He described his father as a smart and progressive Black man, which, he says, was dangerous in 1905. He understood that his dad lied to people so he could be treated differently. That’s when he thought about the album title, White Jesus Black Problems.

“This idea of white supremacy and how do you challenge that,” Negrito says. “I think my dad challenged it by lying to us. So then I go to my mother’s side. I see these Black folks dress nice. I look at the year and I’m like, ‘Wait, this is the year of slavery in Virginia. How they dress this nice? This doesn’t make no sense.’ It’s amazing the information you can find on the internet. It says Register Free Negroes. Whoa. I looked around the room like, ‘Damn.’ So then it gave me an option to go to the fourth generation for African Americans. That’s often impossible, so I was shocked by a fourth generation married couple. Register Free Negroes. Whoa. fifth generation, six generation. Now I’m tripping. I’m like, ‘Oh, man’ and I started thinking like, ‘Oh man, if there’s reparations, I may not get all of them now [Laughs]. Because I got some free blood in here.’ It felt like I’ve gotten away with something. I don’t know if I like the feeling or dislike it.”

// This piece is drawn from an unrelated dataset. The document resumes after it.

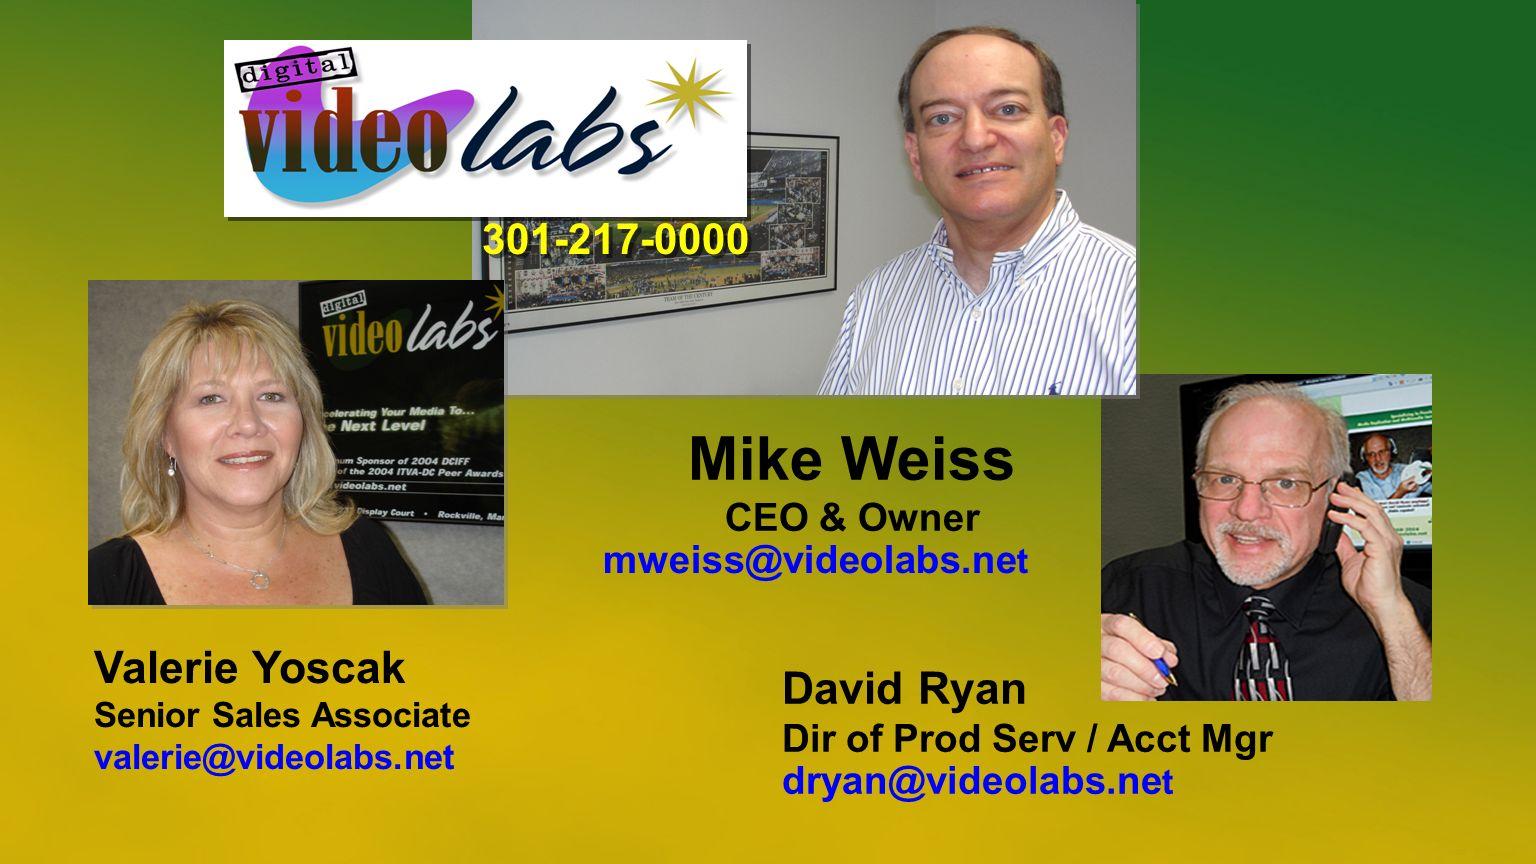 David Ryan Dir of Prod Serv / Acct Mgr dryan@videolabs.ne t Mike Weiss CEO & Owner mweiss@videolabs.ne t Valerie Yoscak Senior Sales Associate valerie@videolabs.net 301-217-0000

Surprised and also unaware of the amount of free Black people in the South during slavery, after discovering that he in fact comes from those people, he continued to go through to the seventh generation of his family.

He found a document that gave the name of Elizabeth Gallimore who was charged in Amelia County Court in 1759 with unlawfully cohabitating with a Negro slave belonging to Henry Jones and also for having several biracial children. So he contacted his his brother, who is a historian, to explain the document and learned that Gallimore was an indentured servant and her last name was most likely Scottish. He was inspired by the story, because despite Gallimore’s privilege in the 1750s, she chose to fall in love with a human being, a Black man that was enslaved, who Negrito called Grandfather Courage.

“I thought, ‘Wow, we could use some of this right now,'” Negrito says. “People freely making the decision to love one another from two different sides of the world, different sides of the spectrum, and doing it successfully in a sense that my Black ass is here, meaning you all got something done. I thought, ‘What an opportunity to tell a story of how an interracial couple in the 1700s challenged the edifice of white supremacy. I thought, that is f**king brilliant. Like, who’s going to hate this story? Because it’s basically Romeo and Juliet.’ So that’s how it got started and musically, I just stayed out of the way. I just let it do what it’s going to do and let it tell the story, and let it choose the music. I’m just a guest in this room. Let me get on this train and ride White Jesus Black Problems.”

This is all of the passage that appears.